So for us, that’s part of the reason we’ve been as successful as we’ve been. So the idea to go and reverse — taking off what we’ve already done in terms of consolidation, it’s not so appealing. So all those reasons make it really tough to change or swap off of CrowdStrike. And we did disclose our gross retention rate, 98% at the end of Q2. And we also disclosed that the retention in the — at the time, 5 weeks post the incident, our gross retention rate actually went modestly up year-over-year.
And it’s because people want to stay with us. They want to do more with us. Look, what hasn’t changed in the customer’s mind pre and post? So pre the incident, all customers, they wanted to spend less and get more. That has not changed post the incident. They want to spend less and get more. Now they can get even more with us, right? And so that’s even more appealing. You’re getting more value. So yes, the incident was bad, and we’ve done what we can to make amends and we’re continuously doing that, on the one hand.
On the other hand, in terms of stopping breaches, we are who we are, and we’ve been successful for a reason. Let’s more with you. And by the way, we know you went through this incident. We know you went through this remediation. We know you hired a bunch of consultants to come out and look at all your processes and come out with a stronger, more resilient platform. And ultimately, you’re going to come out with — we’re going to come out with a binder of 800 pages. Here are the things that we’ve done.
Well, okay, if they’re going to have that conversation with us, they’re probably going to have that same conversation with our competitors, right? So for us, we want to come out as a more resilient company in terms of availability and uptime and in terms of not blue screening. And then as well, still continue to enhance and invest more in our R&D to continue to do the things that we’re known for. And that’s our path.
Fatima Boolani
But going back to the Customer Commitment Packages, the CCP, we did talk about it’s bespoke so there’s a framework in terms of a menu on more modules, flexible payment terms. Now the optionality is great for customers, but as an organization, your go-to-market organization, how are you giving these options but making sure they’re within the bounds of a framework so that not every conversation becomes a snowflake conversation that every conversation is different?
And the spirit of the question here is if a salesperson’s spending most of their time mollifying a customer, talking about the options and what the CCP parameters are going to be for them, that’s frankly less time that they’re using to build pipe, right?
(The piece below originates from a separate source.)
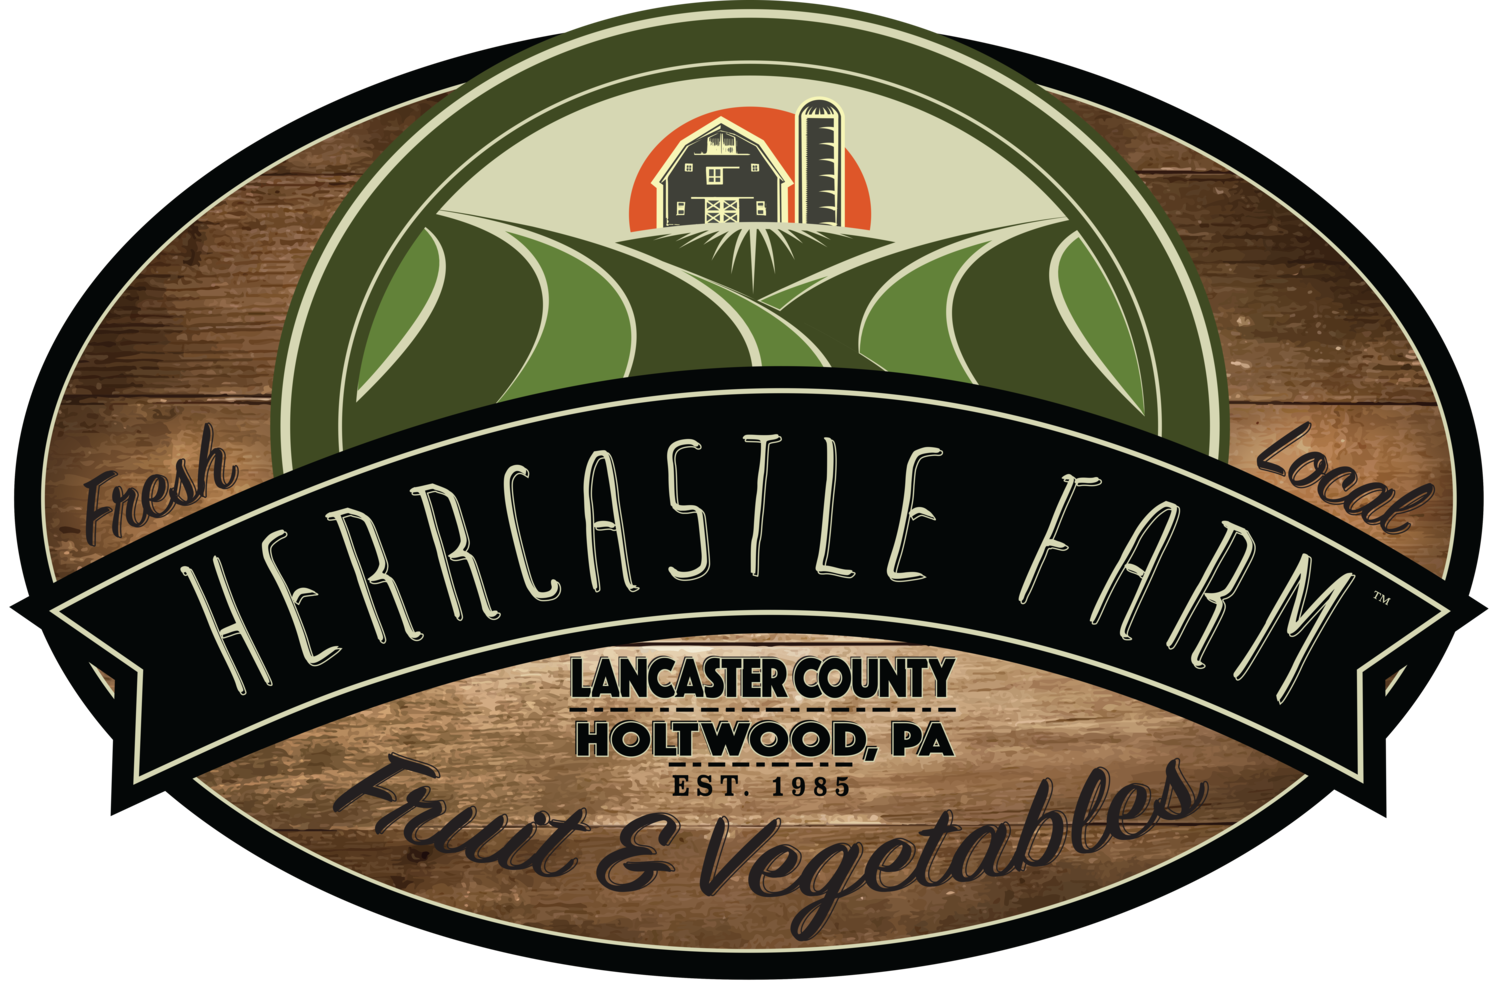 Herrcastle Farm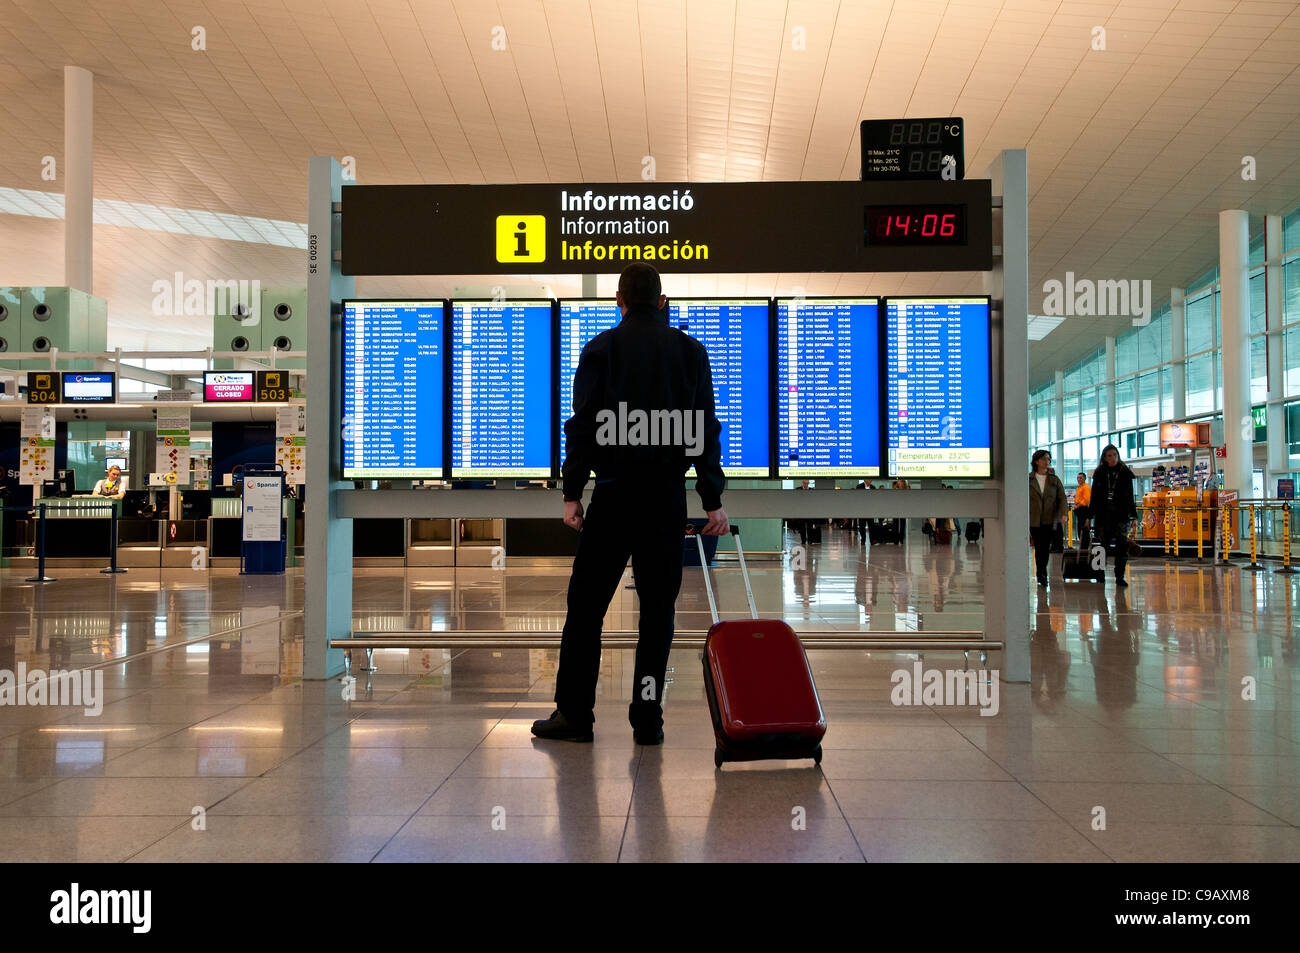 Аэропорт Эль-ПРАТ вай фай. Аэропорт Эль-ПРАТ услуги предоставляемые пассажирам. АХМ аэропорт. WIFI В аэропорту Барселоне.

So how are you putting some guardrails around that, that these CCP conversations don’t actually suck up the sales resource time and doing more valuable things like generating pipe and new business?
Burt Podbere
I’ll separate the 2 with respect to generating pipe and how we’re delivering this thing and how does it make it work and win-win for us and the customers. So first on the pipe, we have a whole other organization that’s pipe-gen, right? We have demand gen in terms of what we have sales development reps. They’re prospecting, they’re doing outbound prospecting. They’re even working with even existing customers. There’s a group that works internally that works with our existing customers to find out what they want to — what they want to use with us.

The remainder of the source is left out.